AI Personal Learning
and practical guidance
豆包Marscode1

Cloudflare Launches AI Maze: Countering Malicious Crawlers with Generative AI

Artificial intelligence-generated content is growing at an unprecedented rate, with four of the 20 most popular posts on Facebook last fall reportedly generated by AI. In addition, Medium estimates that 47% of the content on its platform also comes from AI.As with all emerging tools, AI has both positive applications and risks of being exploited for malicious purposes.

At the same time, we have observed a surge in new types of web crawlers used by AI companies to train their models. These AI crawlers make more than 50 billion requests per day to the Cloudflare network, accounting for nearly 1% of our network's total requests. While Cloudflare already has tools to identify and block unauthorized AI crawling, practice has shown that blocking a malicious Bot outright may alert the attacker to a change in tactics, leading to an endless "cat-and-mouse game". endless game of cat and mouse.
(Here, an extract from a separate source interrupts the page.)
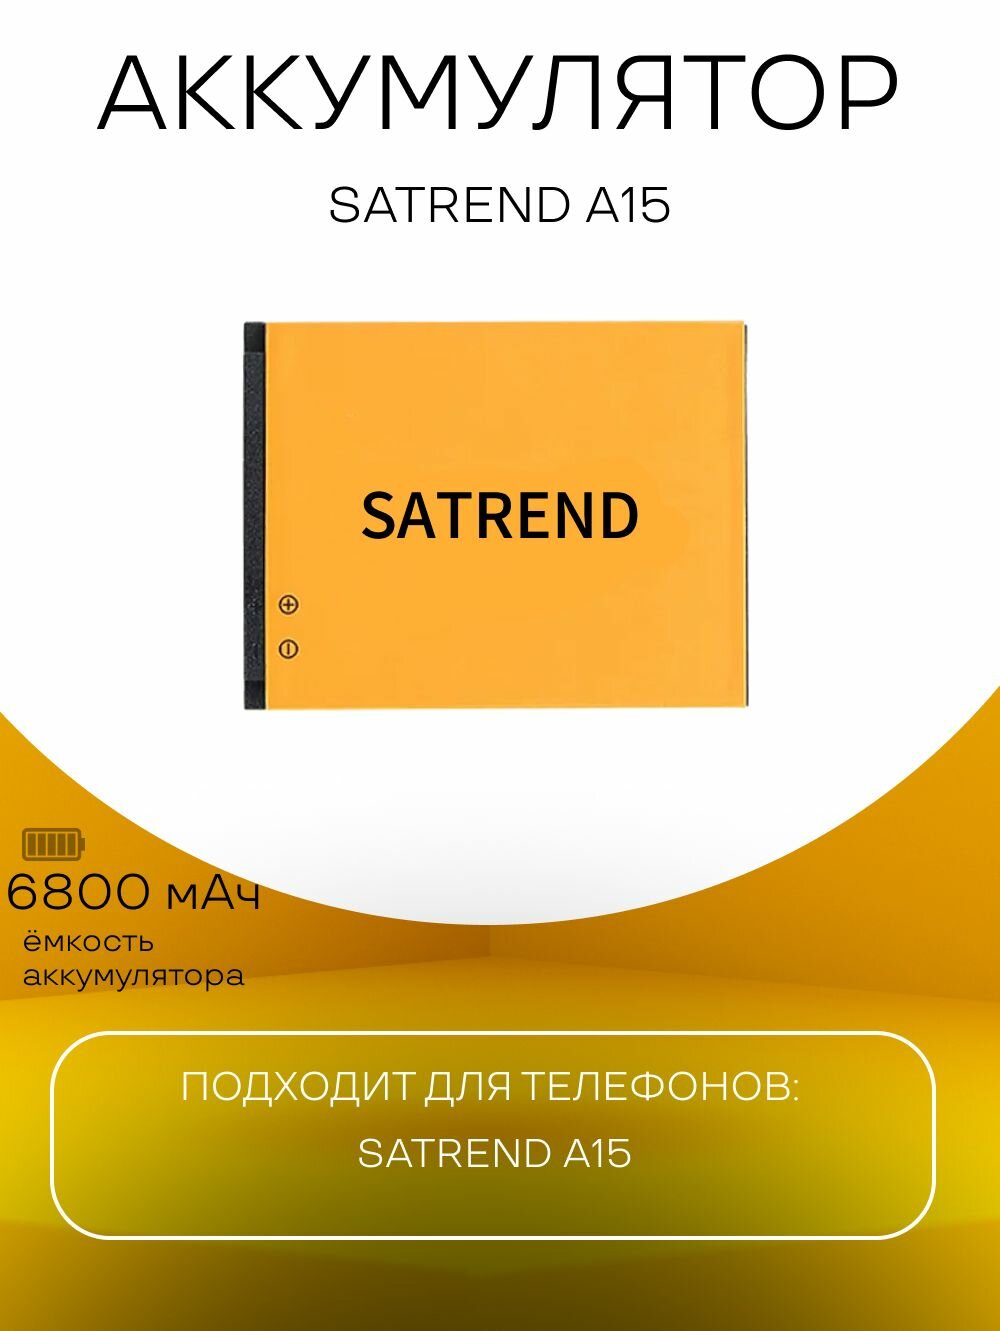 Аккумулятор Satrend A15 батарея для телефонов

Cloudflare wanted to find a new way to block these unwanted Bots without being detected.


To achieve this, Cloudflare decided to adopt a strategy that is a common tool for Bot creators, but has rarely been applied in the defense space before: AI-generated content. When Cloudflare detects an unauthorized crawl, instead of blocking the request outright, it links to a series of AI-generated pages. The content of these pages is realistic enough to entice the crawler to continue crawling deeper. However, the seemingly real content is not actually the real data on the site itself, allowing the crawler to waste time and computing resources on false information.

The "AI maze" has the added advantage of being a new generation of honeypot technology. Because a normal human user would never delve into an AI-generated maze of meaningless links, any obsessive visitor would most likely be a Bot. Any persistent visitor is most likely a Bot, giving Cloudflare a new tool for identifying and tagging malicious Bots and adding them to the list of known malicious actors. Here's exactly how the "AI Maze" works.

 

"How the labyrinth was constructed.

When AI crawlers follow these links, they consume valuable computing resources to process irrelevant content instead of crawling the site for real data. This greatly diminishes the ability of AI crawlers to efficiently gather information to train models.

In order to generate human-like content that is as authentic as possible, Cloudflare utilized Workers AI, combined with open source models, to create unique HTML pages on a variety of topics. To avoid the performance impact of generating content on-demand, Cloudflare implemented a pre-generation process, cleaned the content to prevent XSS vulnerabilities, and stored the content in R2 for quick retrieval.Cloudflare found that identifying a variety of topics and then generating content for each topic produced more varied and confusing results. What's more, Cloudflare is keenly focused on avoiding generating inaccurate content that contributes to the spread of disinformation on the Internet. As a result, the content generated by "AI Maze" is authentic and relevant to scientific facts, but not to the content of the crawled websites.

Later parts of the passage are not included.